A century ago, most families lived on farms. Boys, who started chores almost as soon as they could walk, worked the harvest right through their teen years and woke up one morning as men.
Their future was pretty clear-cut. They knew they needed to get a job, get a wife, have children to take care of them in old age and find some way to sustain themselves.
Then families made the mass exodus from farm to suburb. The plow was replaced by a station wagon. Dads drove to work. Moms stayed home and raised the kids and hosted Tupperware parties. High schools brought about a new development in growing up: the adolescent. Still, once women and men hit their 20s, they grew up, married and had children.

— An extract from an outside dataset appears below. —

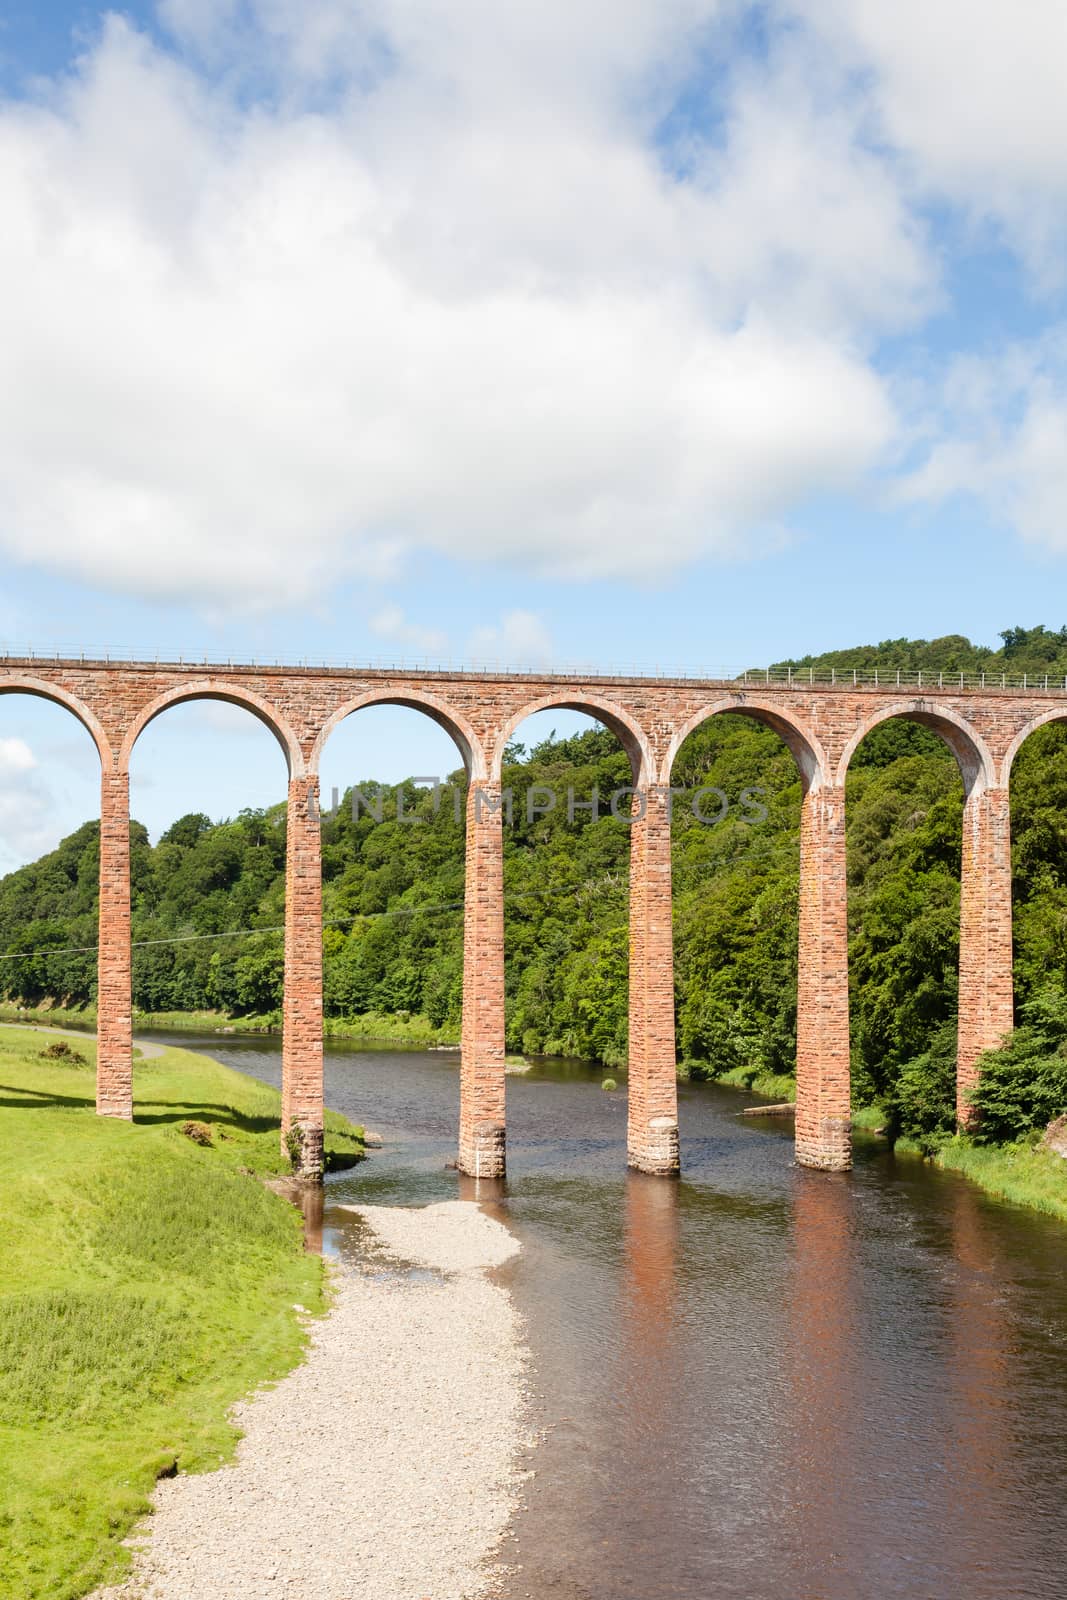 Leaderfoot Viaduct by ATGImages

With the rise of the information age, the whole system broke open. Women, who were now getting more and more education, found themselves perfectly qualified for jobs in the creative industries. They turned into smart, sassy 20-somethings with disposable income, not particularly interested in marriage or children, at least not yet.
It turned out women were more suited to this mind-based, multi-tasking society, and they began doing mental and educational laps around men. Suddenly you had an entire generation of post-adolescent males who, finding themselves not really needed or wanted, shrugged at their buddies and said, “Let’s go watch 'Star Wars' again.”

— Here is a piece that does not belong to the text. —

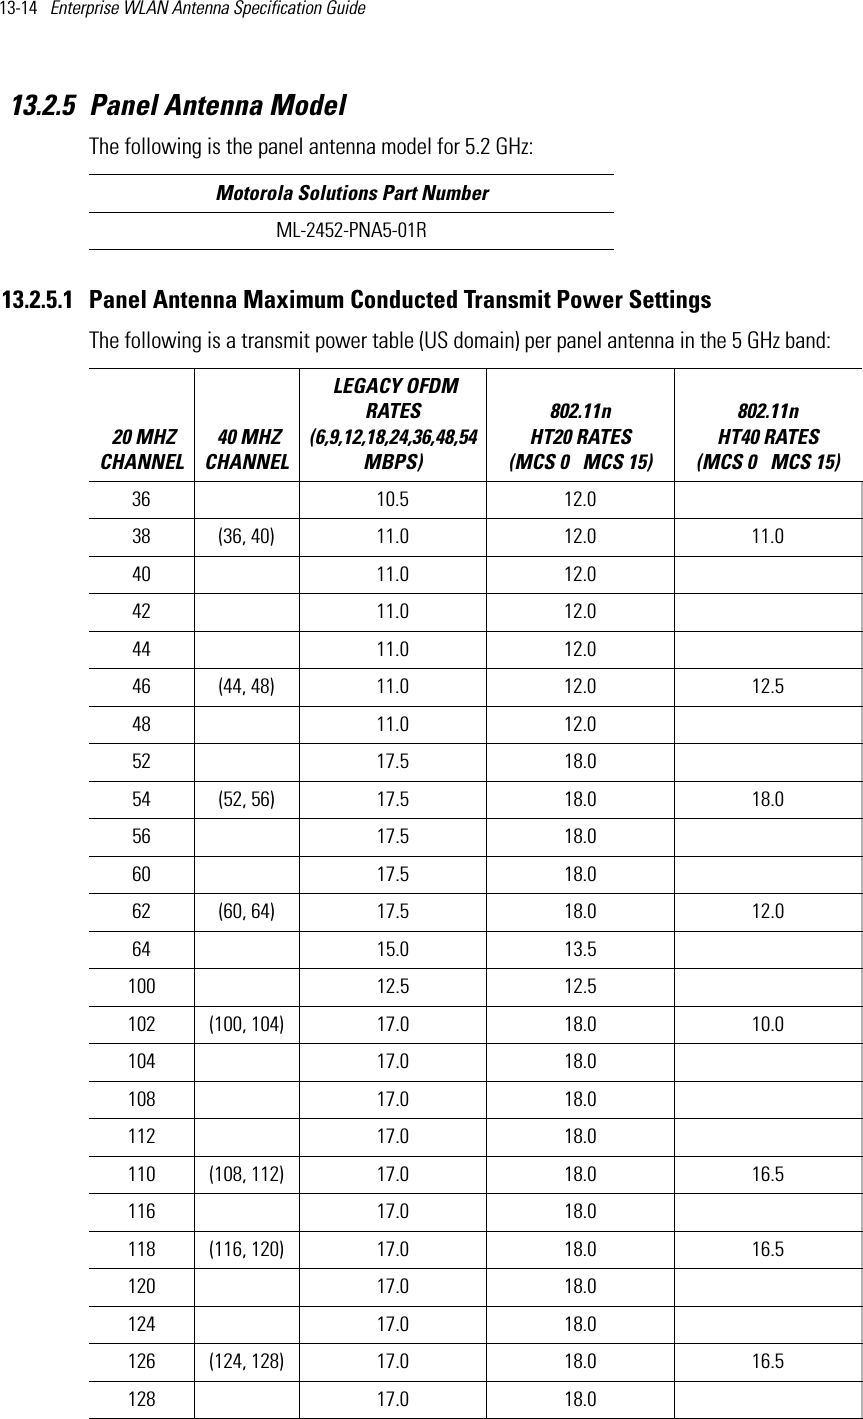 13-14   Enterprise WLAN Antenna Specification Guide 13.2.5 Panel Antenna ModelThe following is the panel antenna model for 5.2 GHz:13.2.5.1 Panel Antenna Maximum Conducted Transmit Power SettingsThe following is a transmit power table (US domain) per panel antenna in the 5 GHz band:Motorola Solutions Part NumberML-2452-PNA5-01R 20 MHZ CHANNEL 40 MHZ CHANNEL LEGACY OFDM RATES (6,9,12,18,24,36,48,54 MBPS) 802.11n HT20 RATES (MCS 0   MCS 15)802.11n HT40 RATES (MCS 0   MCS 15) 36 10.5 12.038 (36, 40) 11.0 12.0 11.040 11.0 12.042 11.0 12.044 11.0 12.046 (44, 48) 11.0 12.0 12.548 11.0 12.052 17.5 18.054 (52, 56) 17.5 18.0 18.056 17.5 18.060 17.5 18.062 (60, 64) 17.5 18.0 12.064 15.0 13.5100 12.5 12.5102 (100, 104) 17.0 18.0 10.0104 17.0 18.0108 17.0 18.0112 17.0 18.0110 (108, 112) 17.0 18.0 16.5116 17.0 18.0118 (116, 120) 17.0 18.0 16.5120 17.0 18.0124 17.0 18.0126 (124, 128) 17.0 18.0 16.5128 17.0 18.0

All of this is described in a fascinating book published earlier this year by Kay Hymowitz titled, “Manning Up: How the Rise of Women Has Turned Men into Boys.” Hymowitz argues that this new development has led to the “man-child” who bums around with his friends and still thinks the "Star Wars" saga is the hottest ticket in town.
As the mother of four young boys, I read a book like this with just the teensiest bit of apprehension. It keeps me either hunting Trulia.com for hobby farms, where my boys can get a proper “man’s” upbringing, and hyperventilating behind the Lego box. Just short of putting a down payment on a milk cow, I remember that I have the antidote for this post-adolescent plague. It’s called the gospel.
In fact, as I read Hymowitz’s book, my prevailing thought was, “The church solves all of these problems, if we’re tough enough to stand by what we’re told.”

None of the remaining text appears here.